┌─ Task inputs

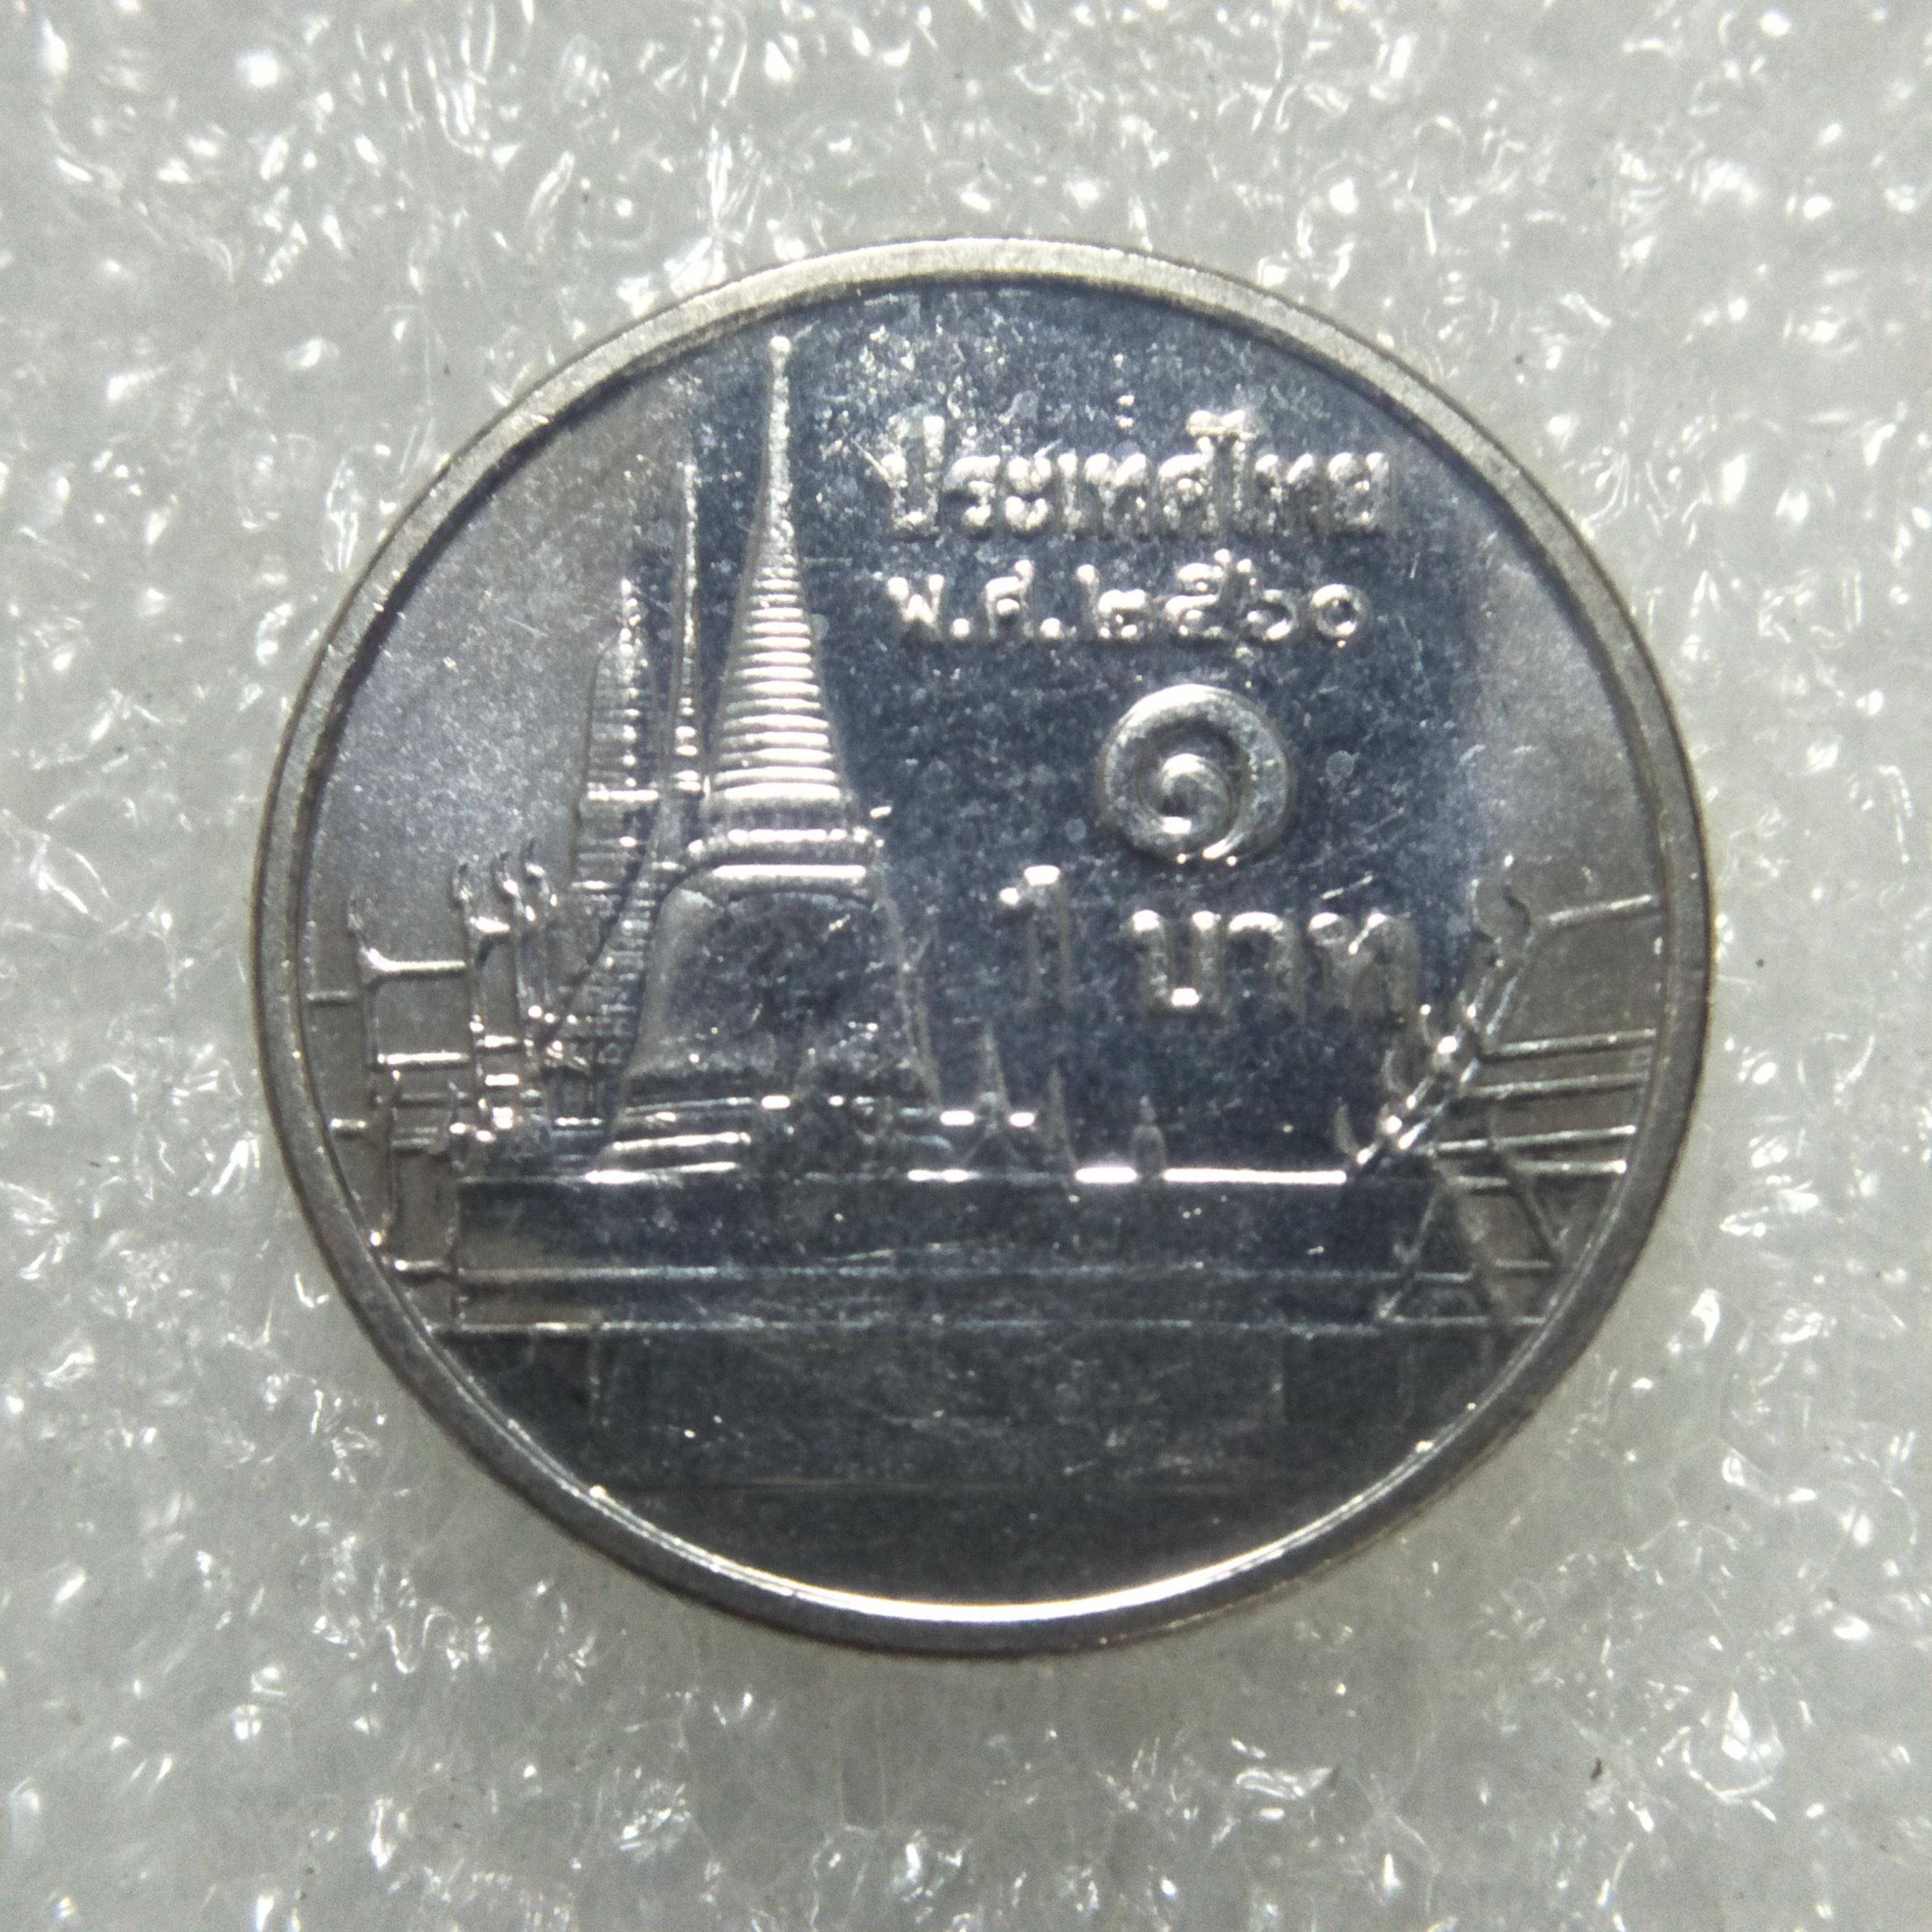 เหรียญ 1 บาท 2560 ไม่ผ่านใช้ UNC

└─
┌─ Task inputs

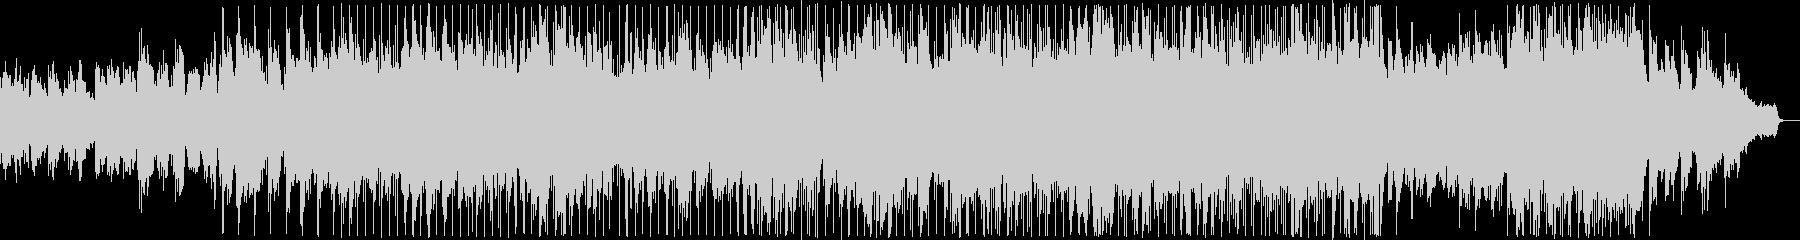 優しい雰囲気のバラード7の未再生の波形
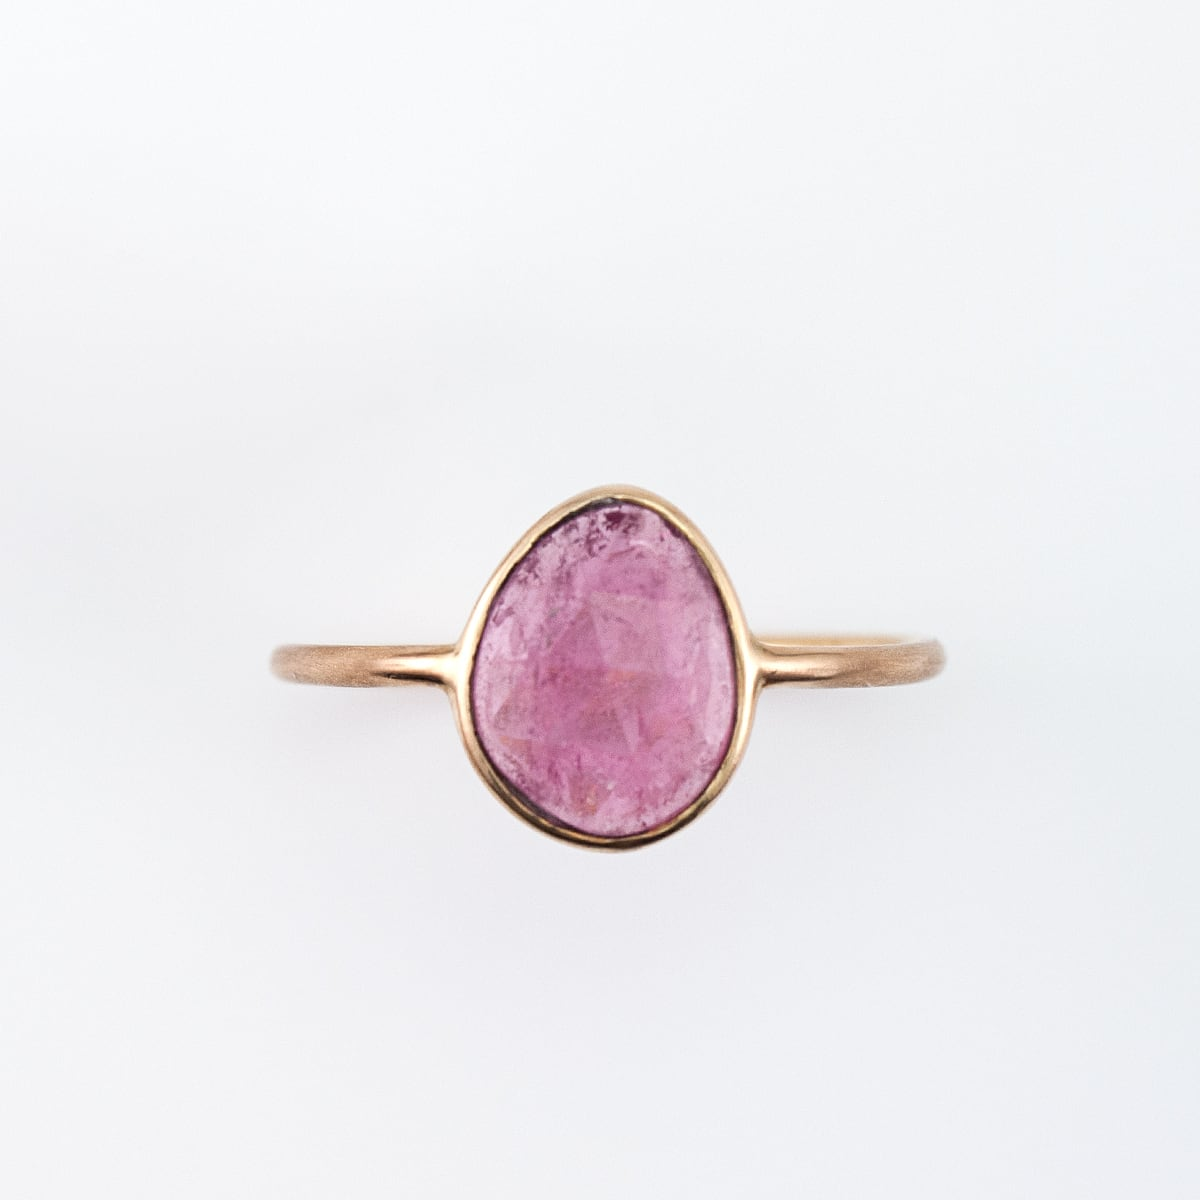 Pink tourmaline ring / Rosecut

└─
┌─ Task inputs

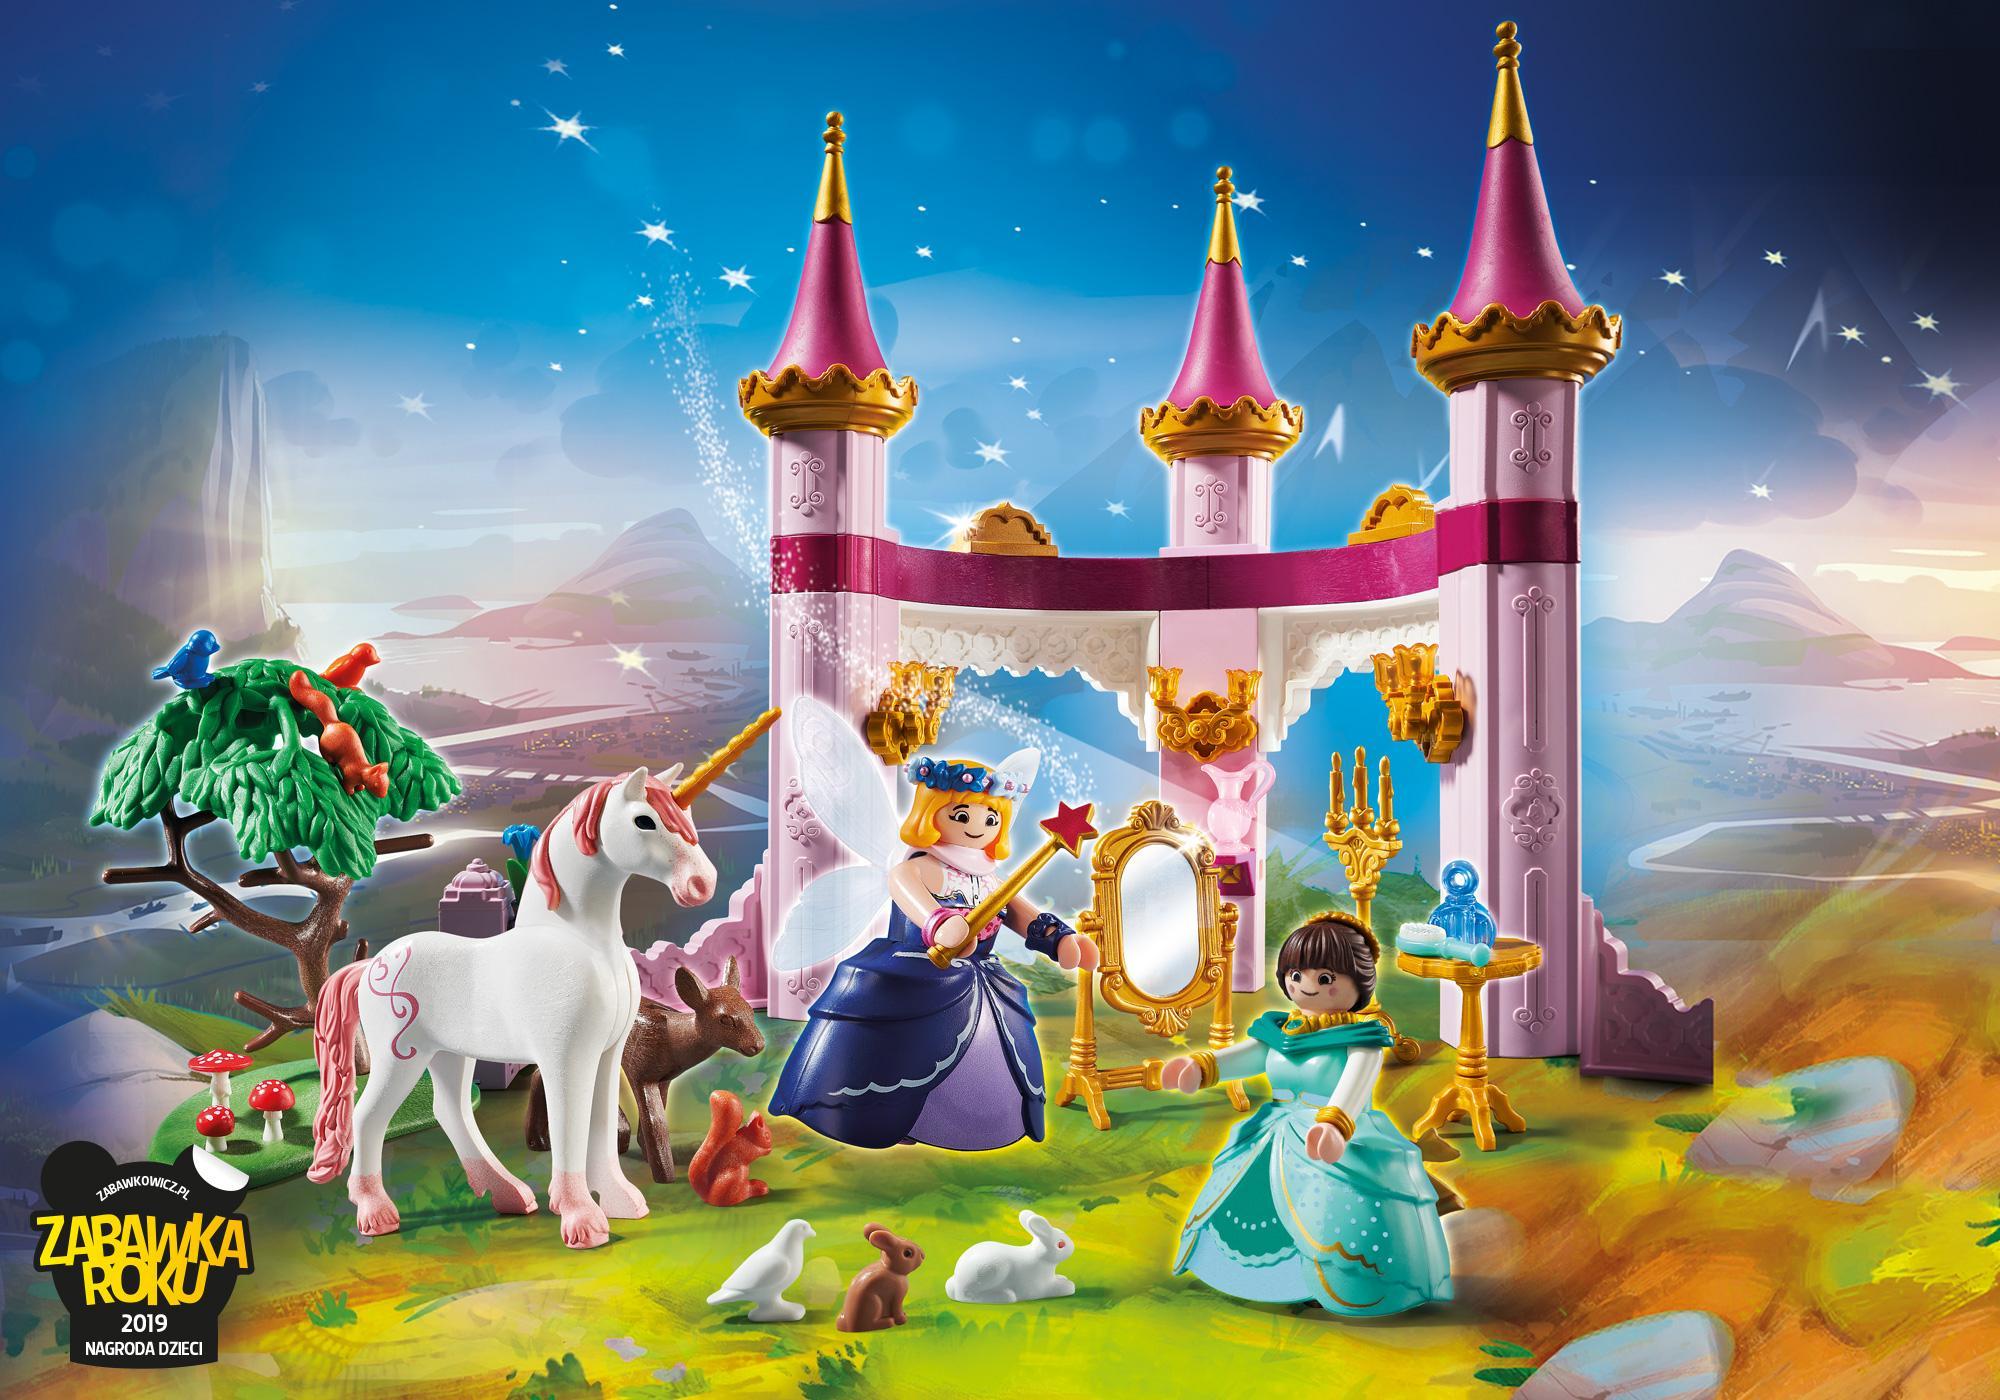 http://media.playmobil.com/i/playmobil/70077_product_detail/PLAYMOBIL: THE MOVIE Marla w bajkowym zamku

└─

Set the pictures aside and retype exactly the lines above from the line with "優しい雰囲気のバラード7の未再生の波形" to the line with "Pink tourmaline ring / Rosecut", both included, adding no others.

• **Response area**:
 優しい雰囲気のバラード7の未再生の波形
 Pink tourmaline ring / Rosecut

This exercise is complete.